By restricting access to foreign currency, the RCB has just made the sale of oil abroad even less profitable for Russian companies.
The result has been a chilling effect on the entire Russian economy - one that's got nothing to do with Russia's notorious winter weather.
There is an easy way to gauge this result by using one thumbnail indicator - the Direxion Daily Russia Bear 3x ETF (NYSE Arca: RUSS).
It also happens to be the single best, easiest way to make money on Russia's profound and deepening economic problems.
As the name implies, this exchange-traded fund rises three times faster than the Russian market falls. It was up 14% though noon Wednesday alone, more than 26% for the week, and nearly 60% for the month.

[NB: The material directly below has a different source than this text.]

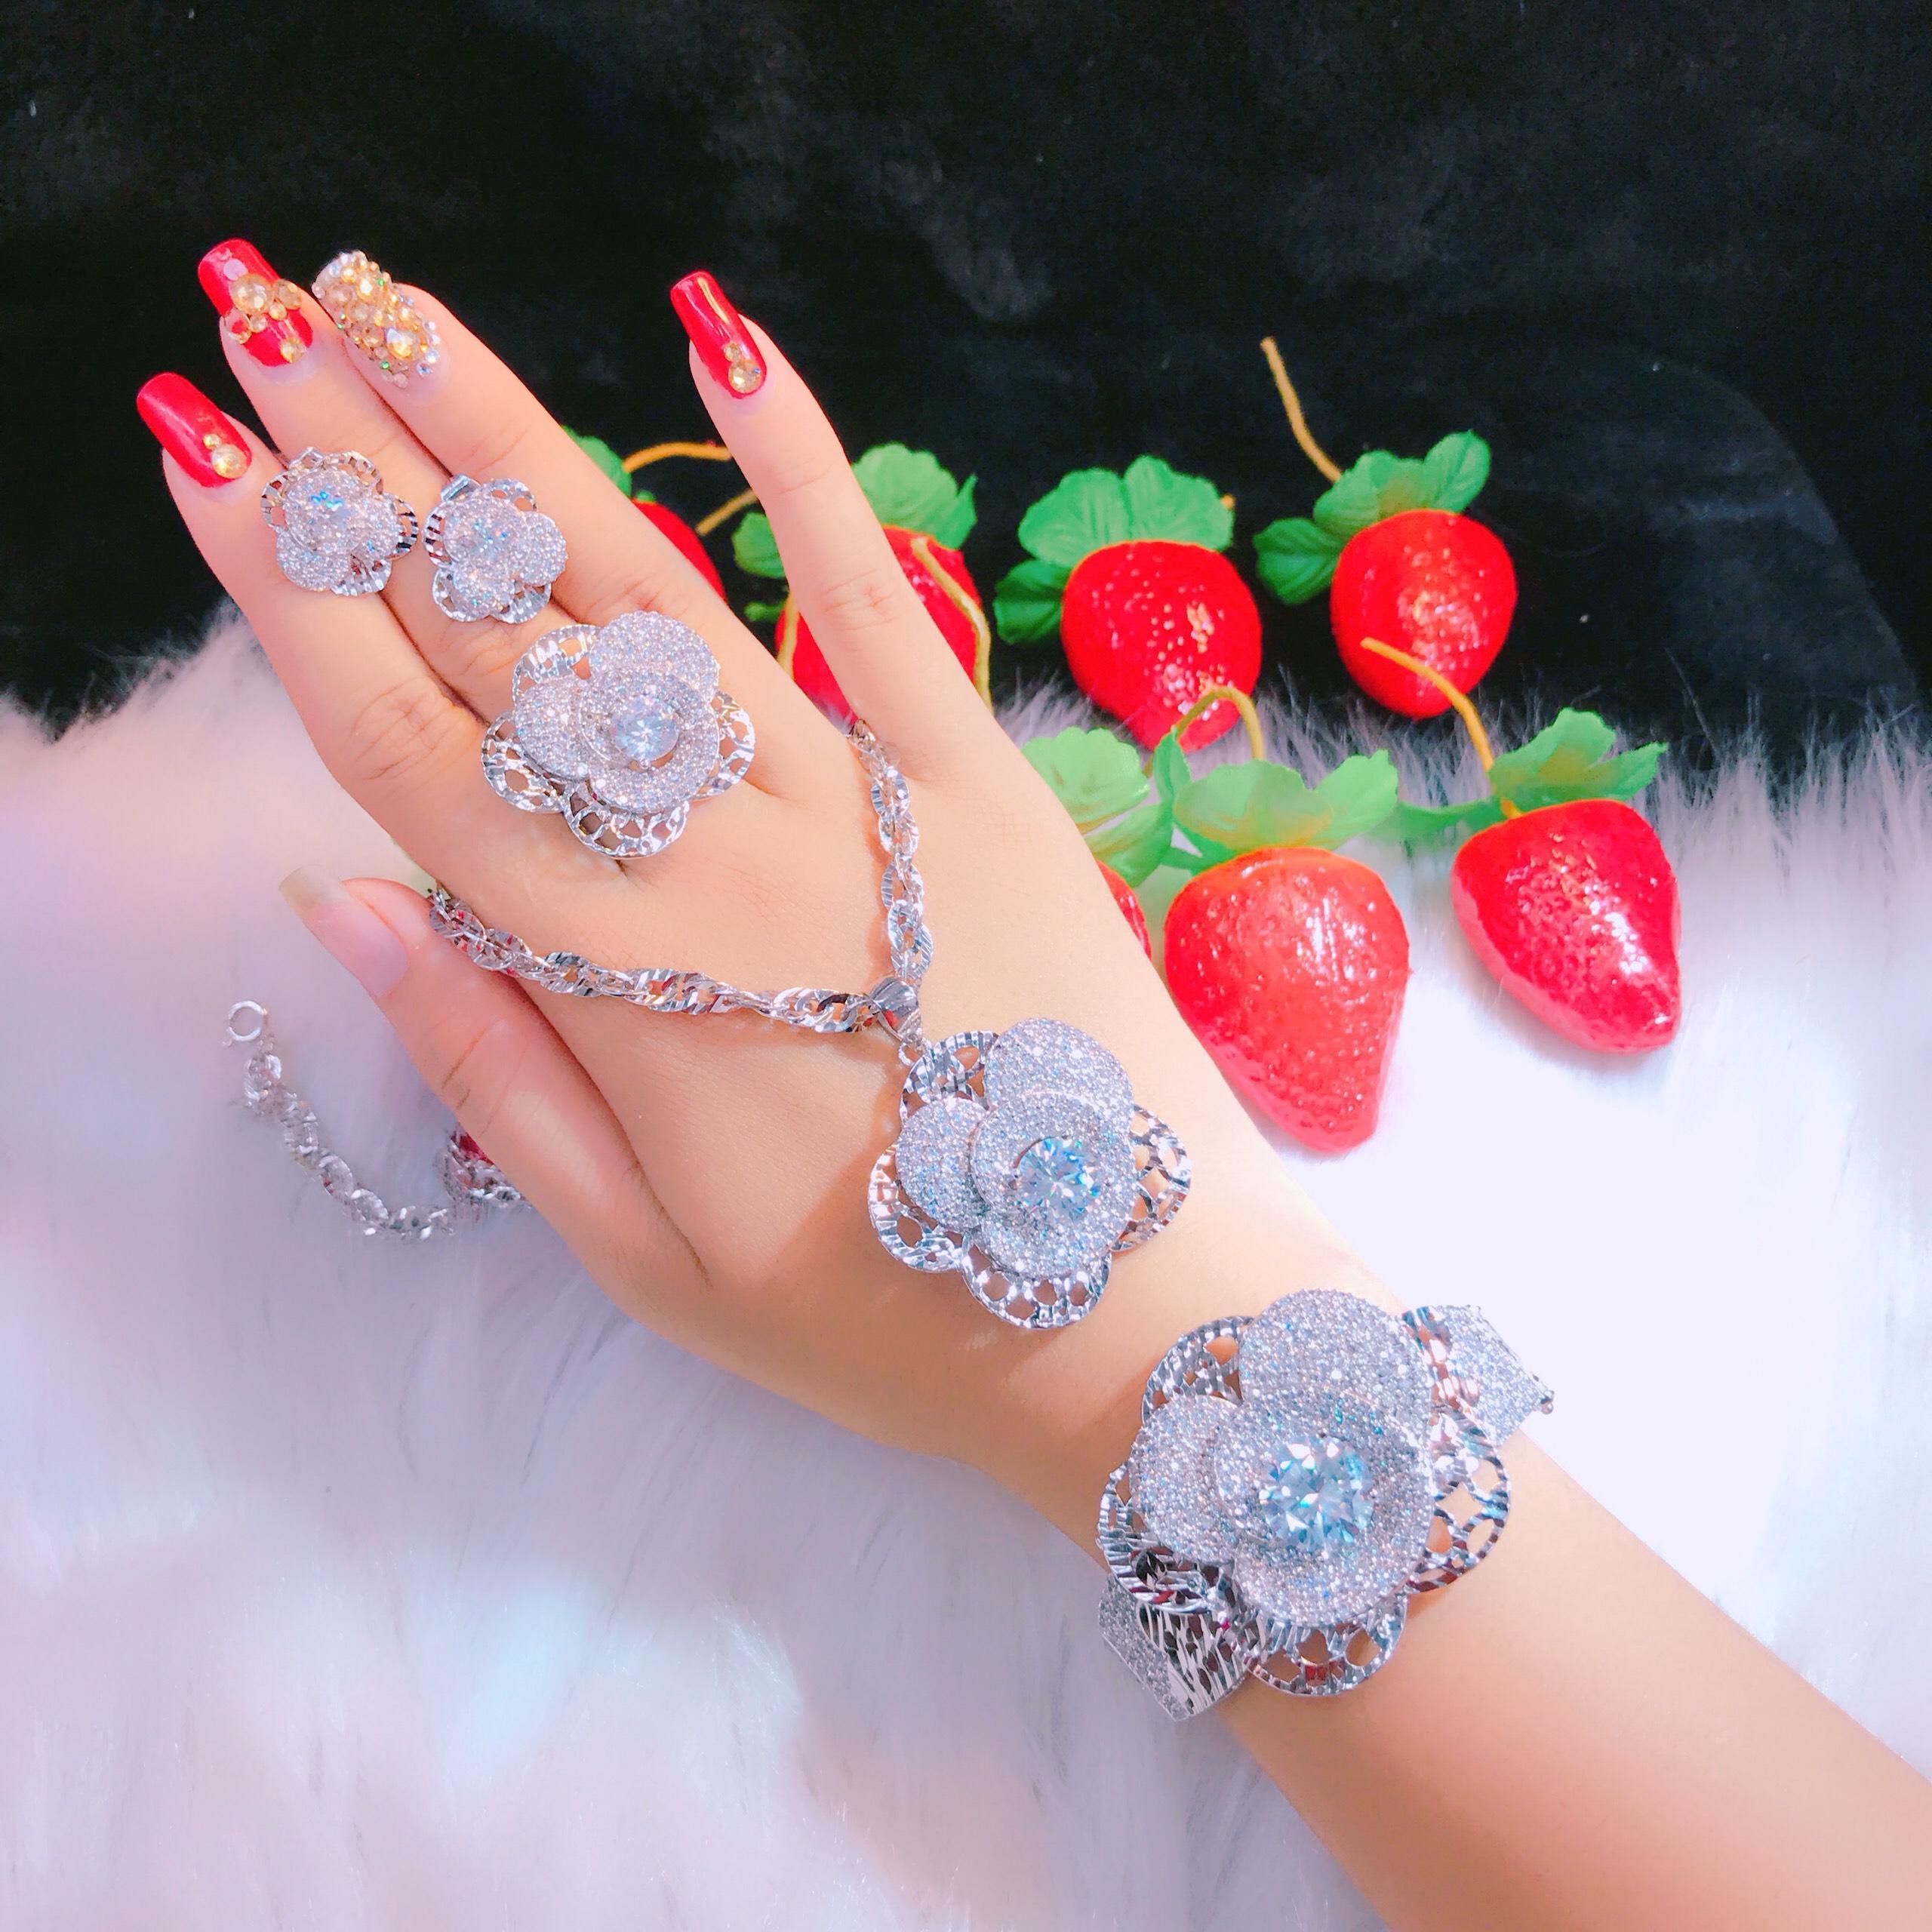 Bộ Trang Sức Cao Cấp, Hoa Cẩm chướng - Givishop - B40707139 , Bền Màu, Sáng Như Vàng Thật, Bạc Thật. Chất Liệu Bạc Thái, Không Đen, Không Ngứa - Thiết Kế Đi Tiệc,  bộ trang sức bạc cao cấp, bộ trang sức bạc đẹp, bộ trang sức bạc Givi

Now, this could bring big profits very quickly, but it must be used very carefully - if the Russian market recovers, the leveraged Daily Russia Bear fund will decline three times faster than the recovery.
As for a way out of this mess, it is, as I've said before, the introduction of oil production limits. That is the most direct way of increasing prices and lowering the drain on the ruble.
Unfortunately, that would require coordination between the world's major oil producers, but Saudi Arabia has yet to show a willingness to seriously consider bringing this about.